Extracted records:
§ §

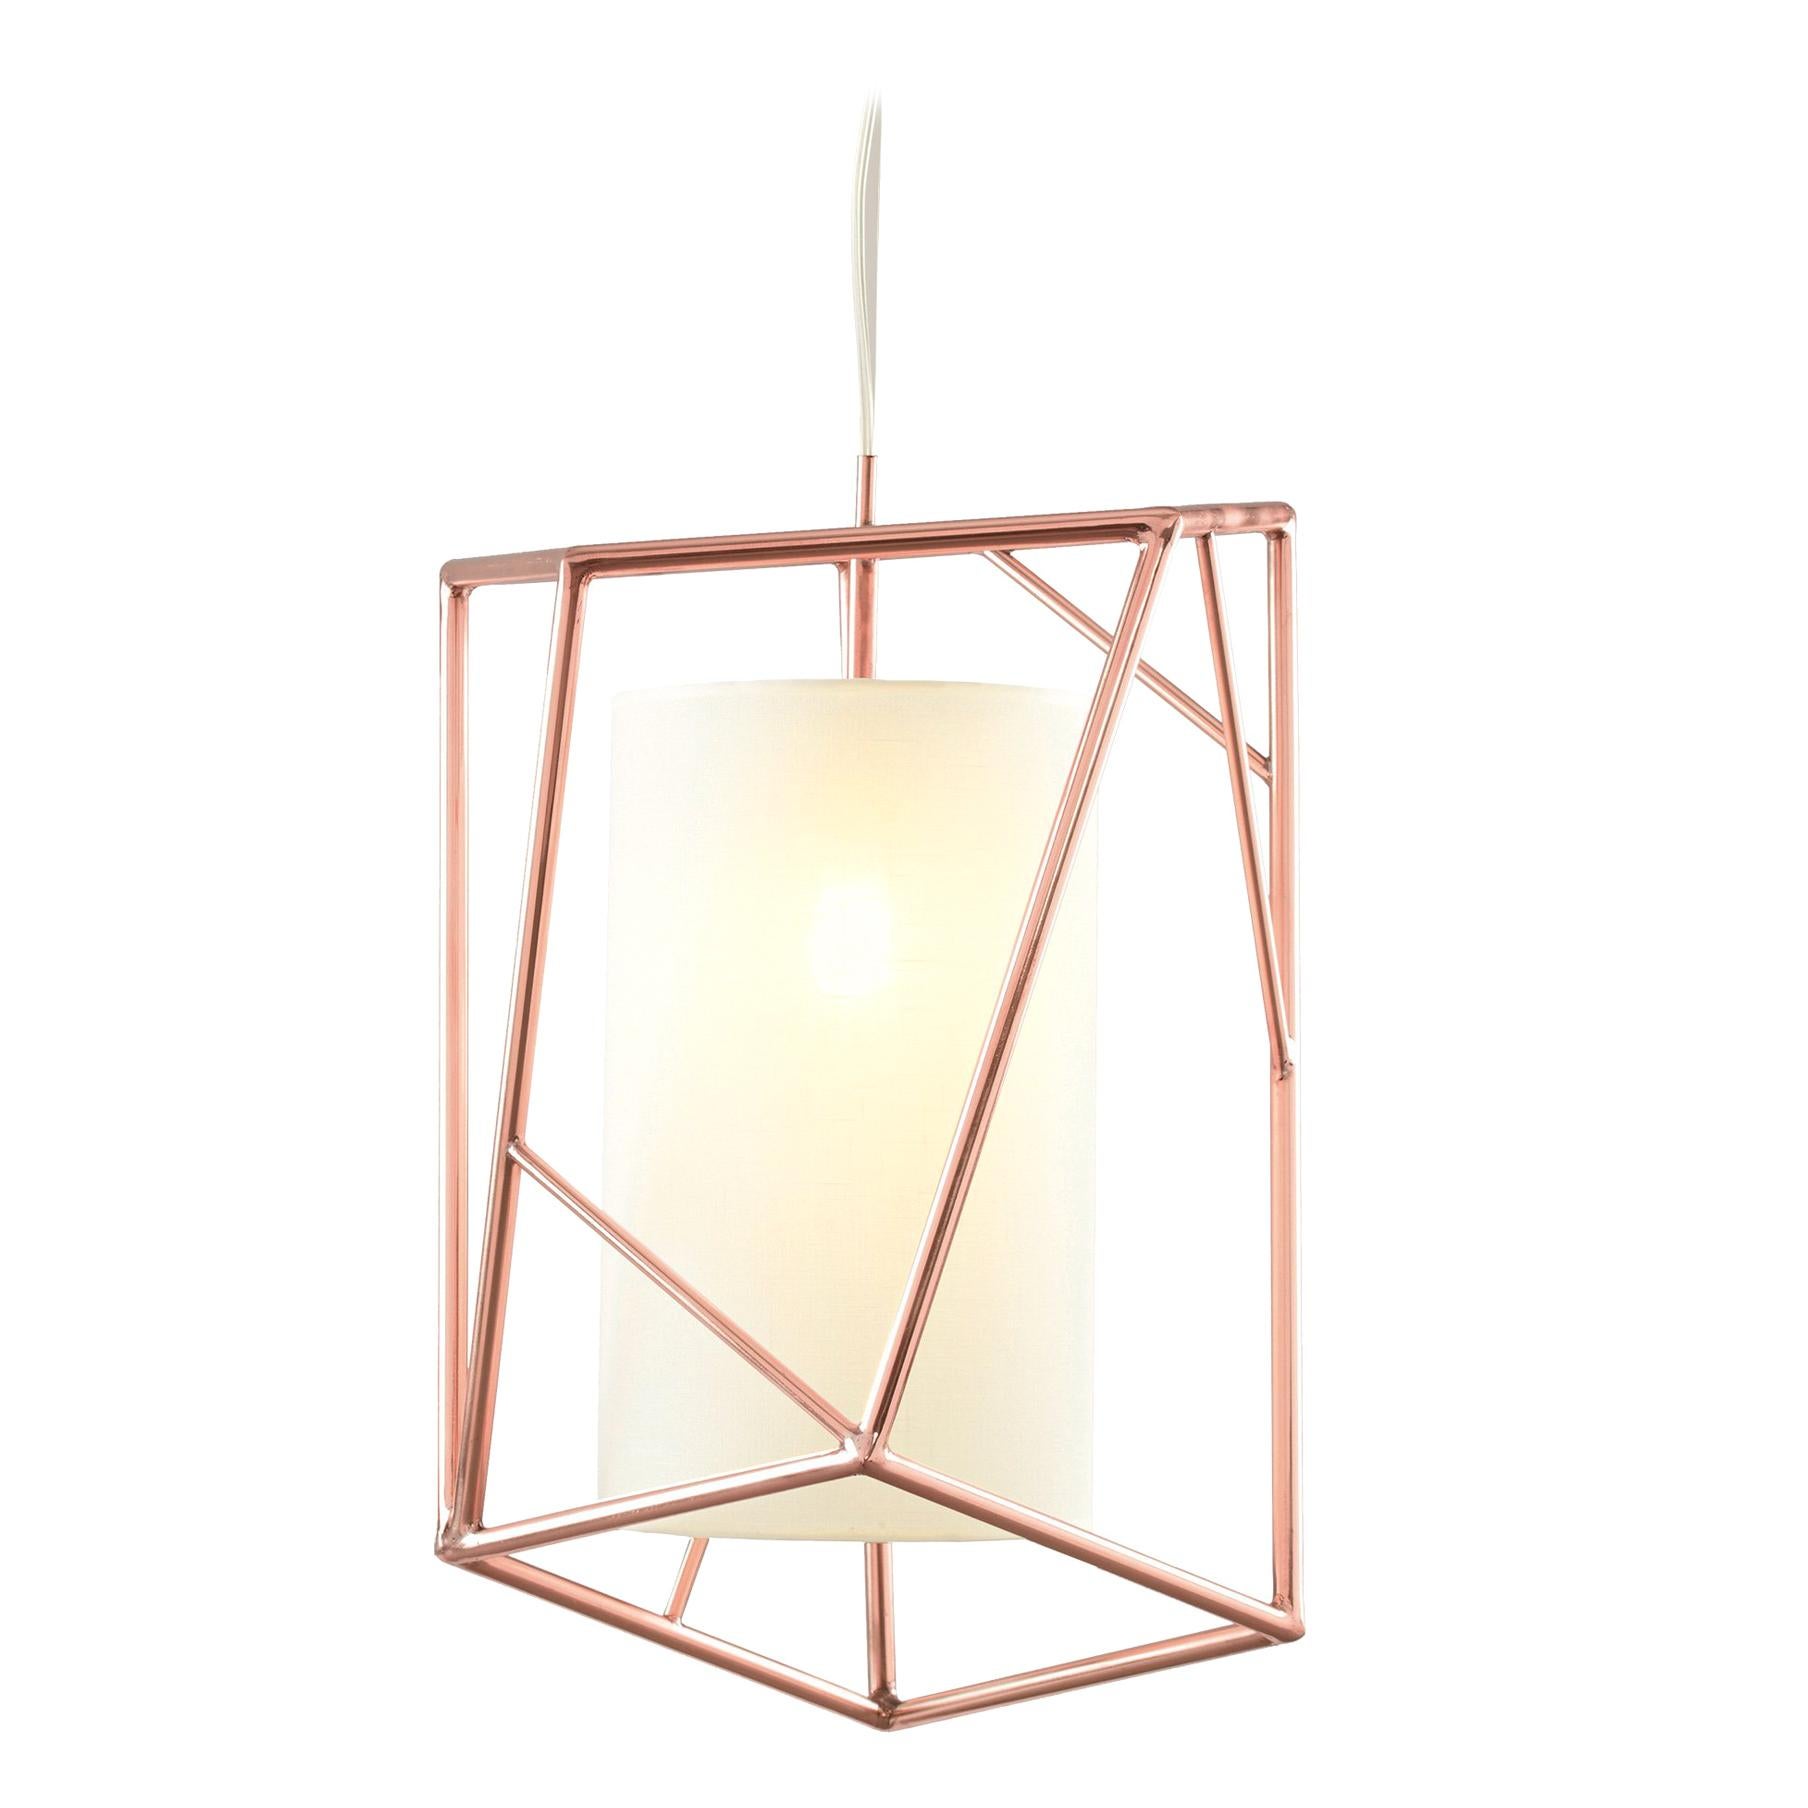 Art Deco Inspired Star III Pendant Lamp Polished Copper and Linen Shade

§ §

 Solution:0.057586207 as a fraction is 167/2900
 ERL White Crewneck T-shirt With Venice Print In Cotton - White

§ §

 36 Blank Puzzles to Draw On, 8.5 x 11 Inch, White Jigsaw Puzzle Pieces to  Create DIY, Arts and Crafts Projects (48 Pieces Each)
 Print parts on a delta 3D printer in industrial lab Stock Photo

§ §

Problem description:
Would you please give the number of lines in the data above that contain the string "White"? Reply with that number only.

Solution to this task:
2